Law in Books and Law in Action Examples

Although the influence of the law is vague in various contexts, it is somewhat predictable. Models of legal influence, compliance and non-compliance exist in all areas of practice and social life. The most important sources of knowledge on contextualized legal influence are legal practice, empirical research, and social science theory. Practitioners learn models through experience (practice). For lawyers, the practice of law is the great and final teacher of law in action, just as business practice and policing are for decision-makers in these policy areas. Lawyers, individuals and law firms gain knowledge about models of legal relevance in their specific contexts, the “tradition” that orchestrates the practical use of law. Legal practice is on-the-job training in law and action. Researchers examine models in different social and economic contexts (empirical research). Social science theory is a source of predictions about legal implications that can be verified by empirical research, e.g., sociology (e.g., organizational filtering), psychology (e.g., response to information and incentives), and economics (e.g., efficient resource allocation). (1) The Nature of Action: Social Choices and the Indeterminacy of Legal Influence As ideas, “Law in Action” and “the Rules” (or “the Law in the Books”) contain a puzzle that seems both mutually conditional (don`t we need both?) and yet contradictory (reality versus theory). This essay seeks to better understand by examining four questions: (1) What is right in action? (2) Where does our knowledge of active law come from? (3) What is “law in books”? (4) Has the main source of law in the books within law schools (i.e., teaching and research at law school) moved closer to law in action? As the word “primer” suggests, my goal is to develop a simplified map of a region often traversed by law applicants, students, law professors, lawyers, social scientists and others. The essence of law in action, the characteristic that most accurately distinguishes it from existing law, is that law in action is any decision, action or transaction made or contemplated by individuals and organizations with respect to the law or legal consequences that may be relevant and influence how decisions are made.

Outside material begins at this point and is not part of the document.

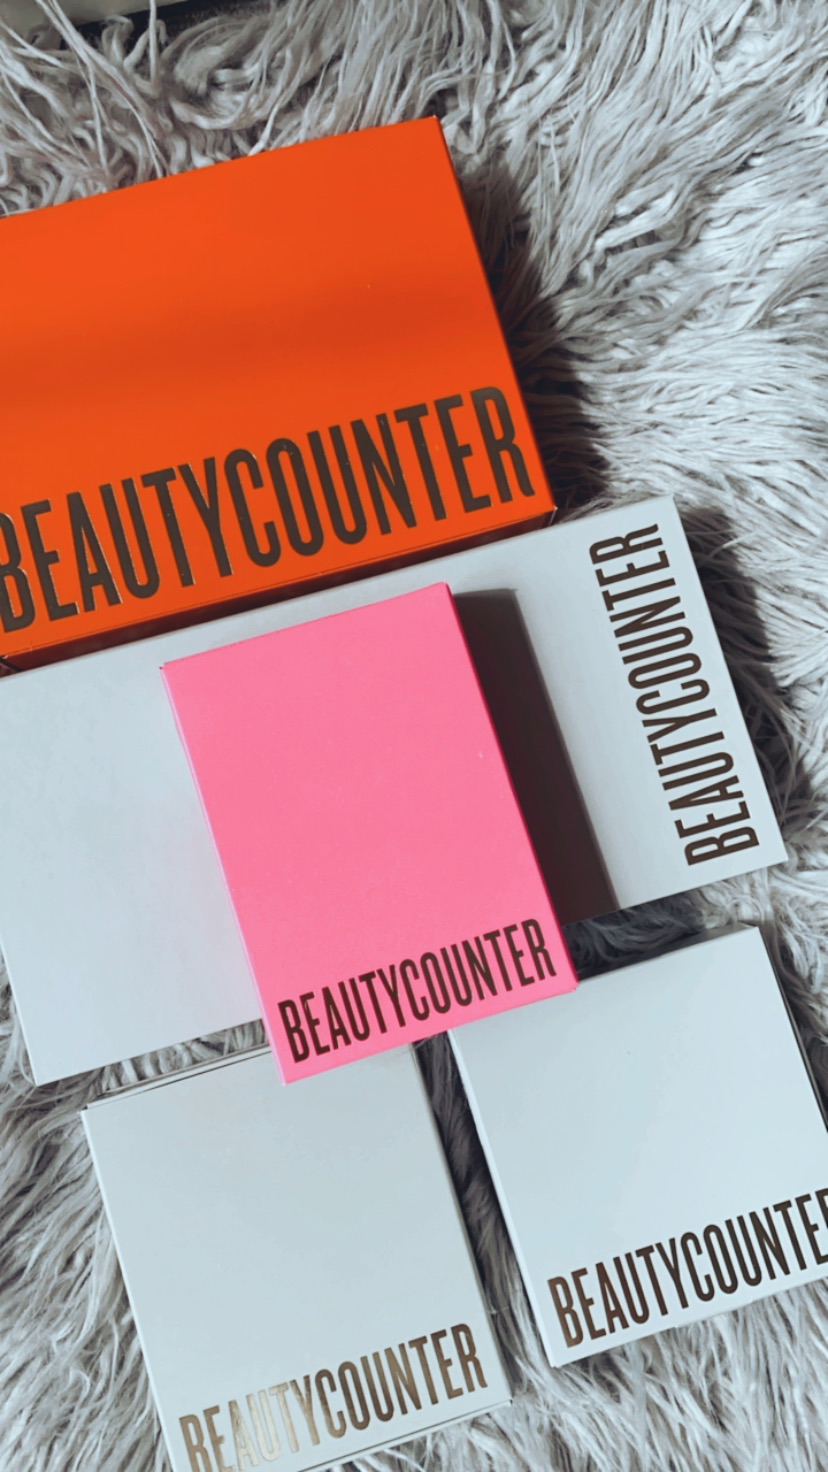 Beautycounter holiday 2021, festive, limited-edition makeup, skin-care, and self-care sets that are as covetable as they are clean. Colorful holiday gift boxes, clean beauty gifts, gifts for mom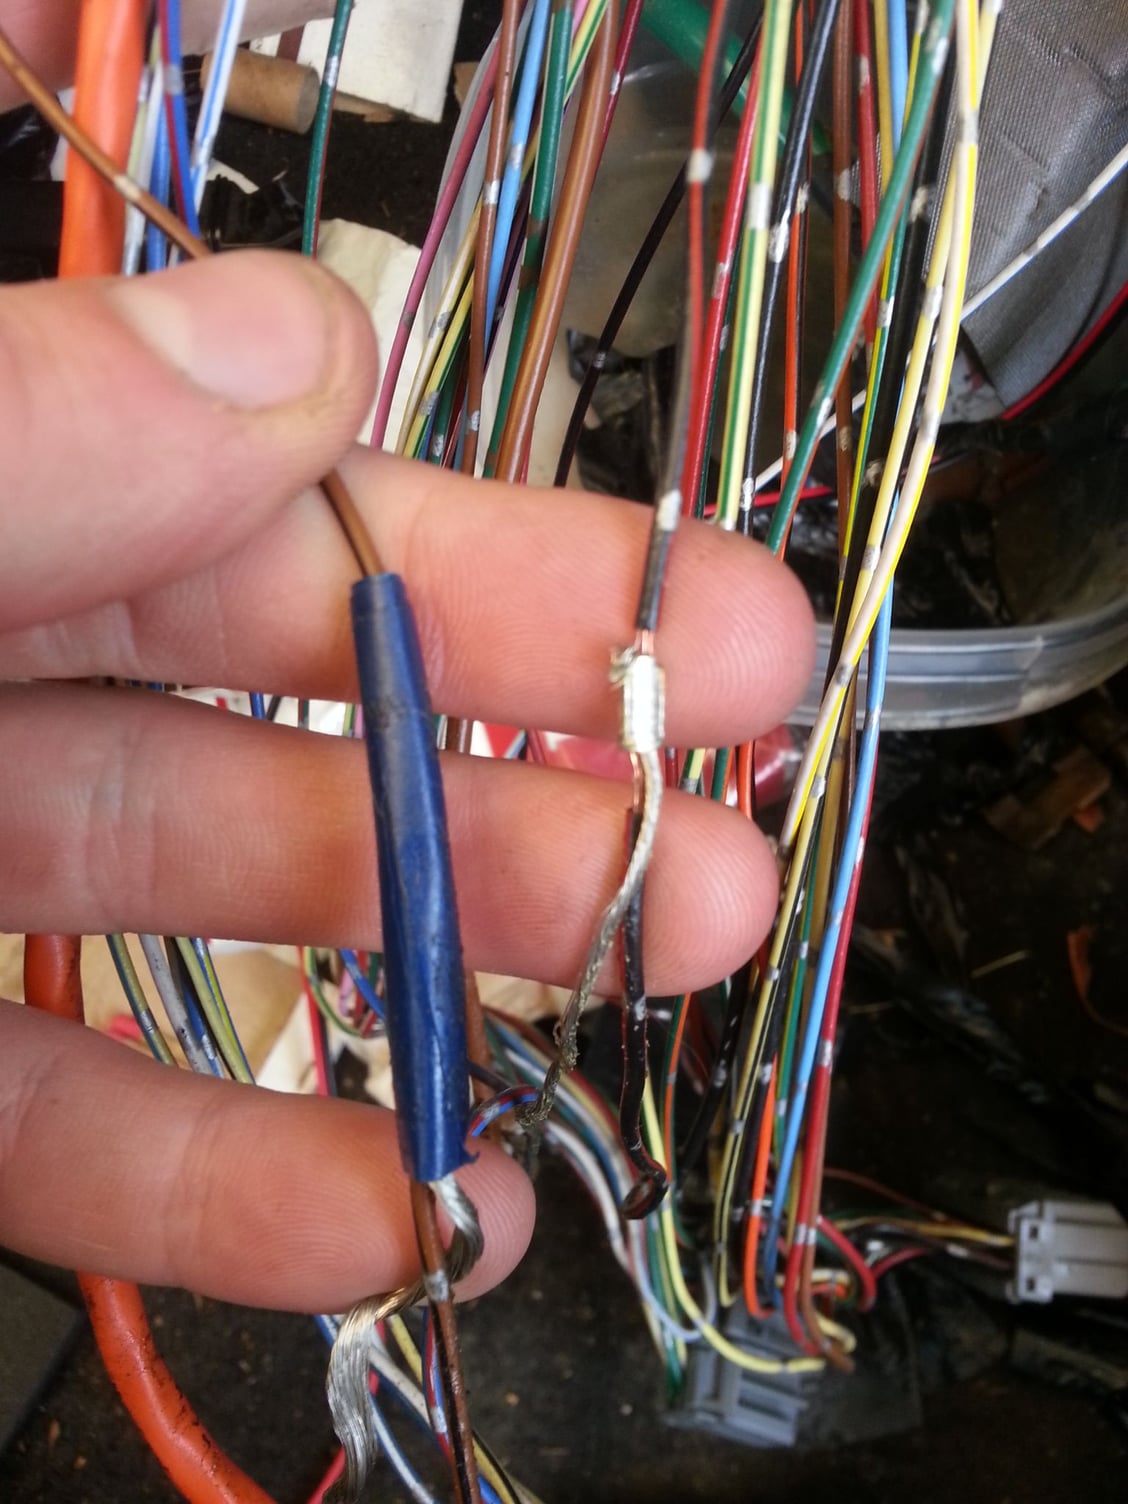 95 Civic - Is this wiring harness factory correct or modified? - Honda

In a particular context, the decision-maker is at the forefront and decides which legal acts are relevant – among many other factors. The law does not prescribe “top-down” behaviour. Decision-makers determine the importance of law in decisions, actions and transactions. [Note 1] The vague influence of law is well illustrated by Macaulay`s groundbreaking study [note 2]. Formal contracts between companies are sometimes drafted to determine the terms of barter transactions. However, disputes are rarely resolved by contractually agreed remedies, and disputes are extremely rare. Formal dispute resolution is costly, inefficient, damages the company`s reputation and disrupts good business relationships. Disputes are usually resolved through other means such as informal negotiations, good faith and alternatives in the marketplace (for example, finding another buyer). The law has less influence because non-legal forces have more influence (called in other situations alternative sources of social control). Litigation is more likely to occur when a single-purpose relationship ends and one party is left with non-recoverable costs (e.g., wrongful termination of deductibles). Legal advice is interesting because it is based on precedents, laws and regulations, and relies on law as an apparent determining influence. But the meaning of law is often ambiguous and open to interpretative judgments, leaving room for reflection on politics, politics, ideology and value judgments based on the different facts of particular cases.

The partial overlaps and tensions between existing law, as taught and studied in law schools, law in action, as practiced in practice, and law in action, as studied in empirical research, have existed since the beginnings of formal legal education. Like Yin and Yang, Law in Action and Law in the Books are defined by each other and coexist in creative tension. Research at the Faculty of Law. Law in action research (empirical and theoretical) has developed considerably as an alternative to educational research, as the so-called “gap study” exemplifies. Laws are presented in educational research as laws with a legal purpose or intention and policy objectives. [Note 3] One could say, for example, that this sole purpose of the law is a fair and equitable division of property between divorced spouses. Empirical research almost always finds a gap between legal intent and effect – it reveals, for example, that parties to divorce proceedings can use custody as bargaining chips in property disputes, and that differences in spouses` wealth and power have a big impact on outcomes (also commonly known among practitioners in the field).